This drop out rate is known as participant attrition, and is most commonly seen within investigations where there is an ongoing intervention with several measurements. For example, a medical trial may see numerous participants exit the study if the medicine doesn’t appear to be working (or is making them ill). In this way, only the remaining (or surviving, in Wald’s case above) participants will be investigated at the end of the experiment.
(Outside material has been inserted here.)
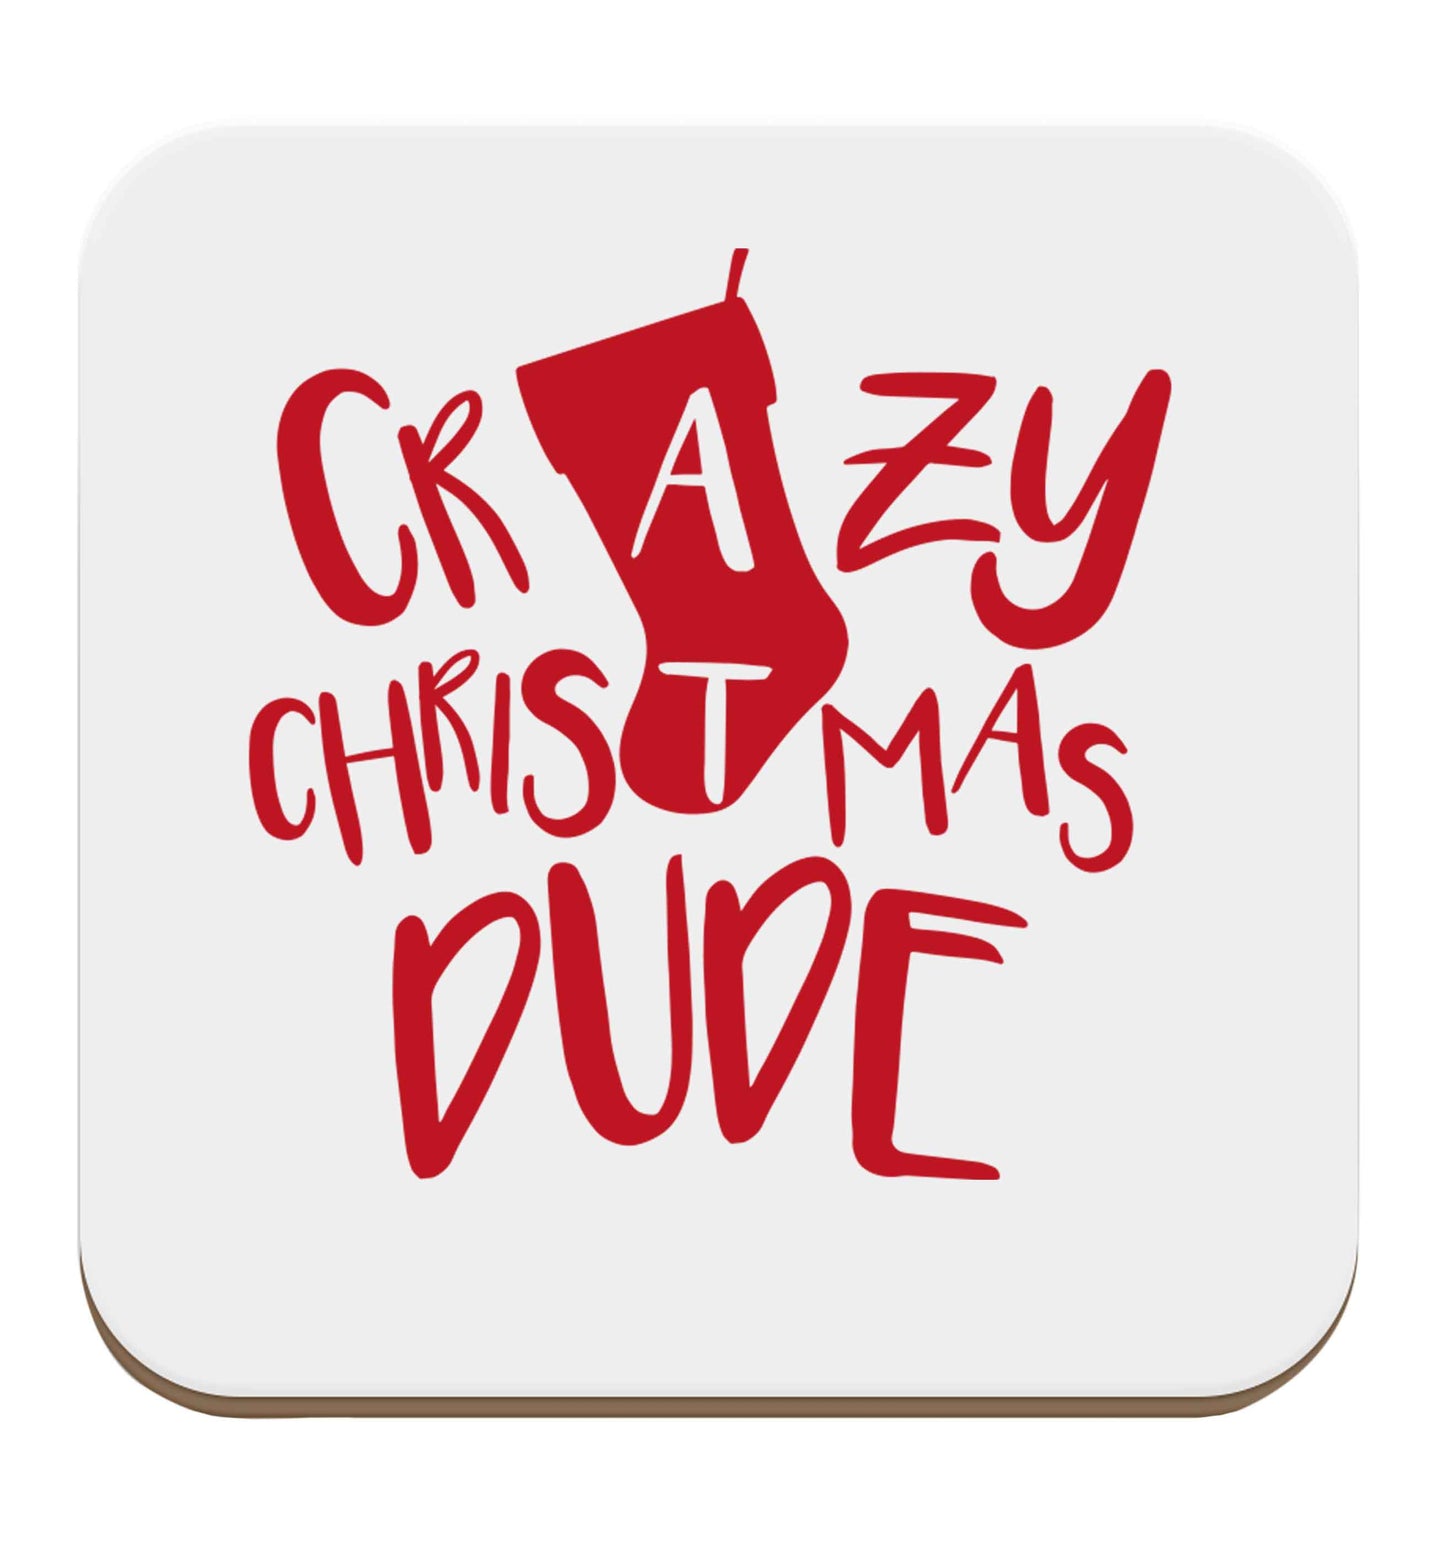 Crazy Christmas Dude set of four coasters

It’s therefore important that participants who drop out of the study are followed up after doing so, in order to determine whether their attrition is due to a common factor with other participants, or for reasons external to the experiment.

Undercover / classified

It should come as no surprise that having too few participants will limit the strength of the conclusions that can be made (if they can be made at all), yet many studies do suffer from undercoverage of sample groups.

It is therefore critical that enough participants are available and selected beforehand. This can be calculated in advance, allowing you to plan the study accordingly. If too many participants also drop out due to attrition, then the study may need to be repeated.

A further point to note is that even if you have enough participants, you need to make sure that they’re classified correctly, and put into the right experimental group. Carrying out a study on bilinguals and monolinguals would of course be hampered if it came to light that some participants spoke one more (or less) languages than their grouping would suggest.

This is particularly pertinent in studies examining different mental disorders, in which the grouping definition could be unclear. For example, studies of anxiety may need to differentiate between participants who have been diagnosed with generalized anxiety disorder, or those who suffer from panic attacks, and even if participants exhibit subclinical / prodromal symptoms.

Ensuring that the sample is well-defined, and well characterized, before beginning the study will therefore ensure that the findings are relevant to the group of interest.

Picking cherries, dredging data

While most of the selection biases occur before the data has been collected, there are several steps that occur post-hoc which are open to erroneous distortion. These steps instead to relate to how the data, rather than the sample, is selected.

cherry picking dataCherry-picking is undoubtedly a good way to prepare a pie, but is also the phrase given to the act of only selecting data that conforms with what the experimenter is expecting, or hoping, to see.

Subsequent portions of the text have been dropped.